According to the present invention, term C
1-4Alkyl alcohol says it can is methyl alcohol, ethanol, propyl alcohol, Virahol, butanols, isopropylcarbinol or the trimethyl carbinol for example.
According to the present invention, carrier is pharmacy field pharmaceutical excipient or a pharmaceutical excipient commonly used in the pharmaceutical composition of the present invention, as medicinal additive, thinner or disintegrating agent.
According to the present invention, product described in the present invention is meant not the product as medicine, as functional foodstuff or protective foods.
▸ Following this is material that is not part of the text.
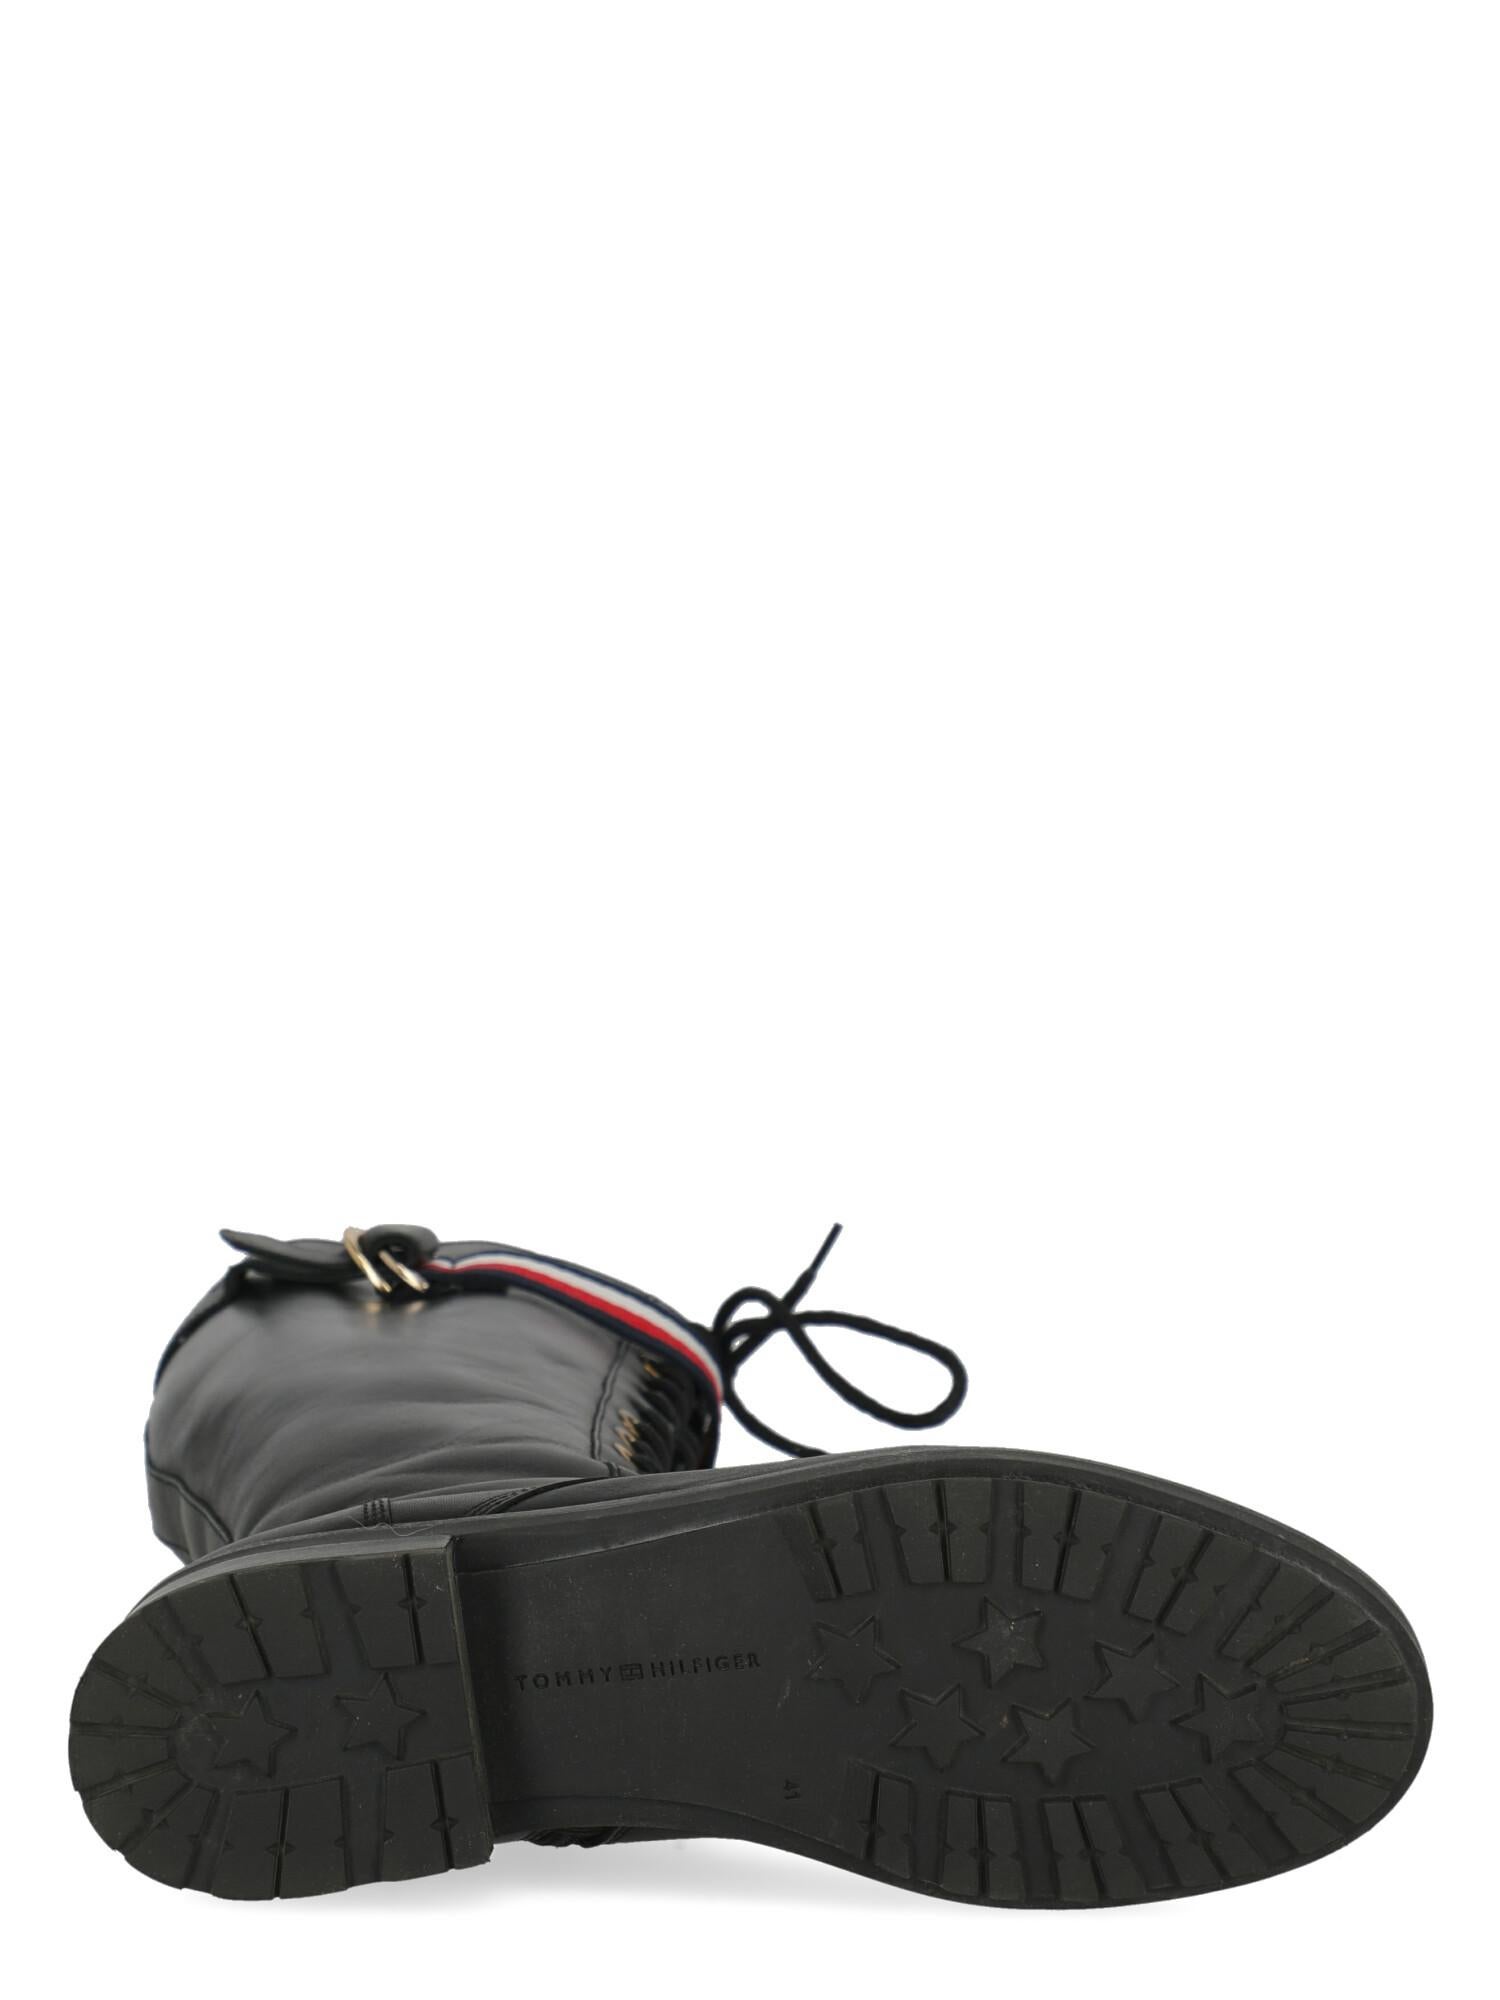 Women's Tommy Hilfiger Women Boots Black Leather EU 41 For Sale

According to the present invention, total lignans can be by following qualitative and quantitative assay in the Stem of confederate-jasmine of the present invention lignanoid general extractive:
(-) is qualitative
The thin layer detection method: the extract that takes a morsel is made into the solution of 0.1mg/ml with methyl alcohol, this solution takes a morsel point sample on silica gel thin-layer plate, the standardized solution of getting trachelospermum jasminoide aglycon and nortracheloside unit compares, parallel point sample is on same silicon thin layer plate, use chloroform: methyl alcohol (15: 1) launches, with iodine or the colour developing of 5% ethanol solution of sulfuric acid, sample solution should have and standard substance R
fBe worth identical spot.
(2) quantitative
High performance liquid chromatography:
1. the configuration of standard solution: standard substance nortracheloside (1), tracheloside (2), nortracheloside unit (3), trachelospermum jasminoide aglycon (5) and each 10mg of aretigenin (6) of accurately taking by weighing dry constant weight, with the chromatogram dissolve with methanol and be settled to 10ml, obtain the standard solution that concentration is 1mg/ml respectively.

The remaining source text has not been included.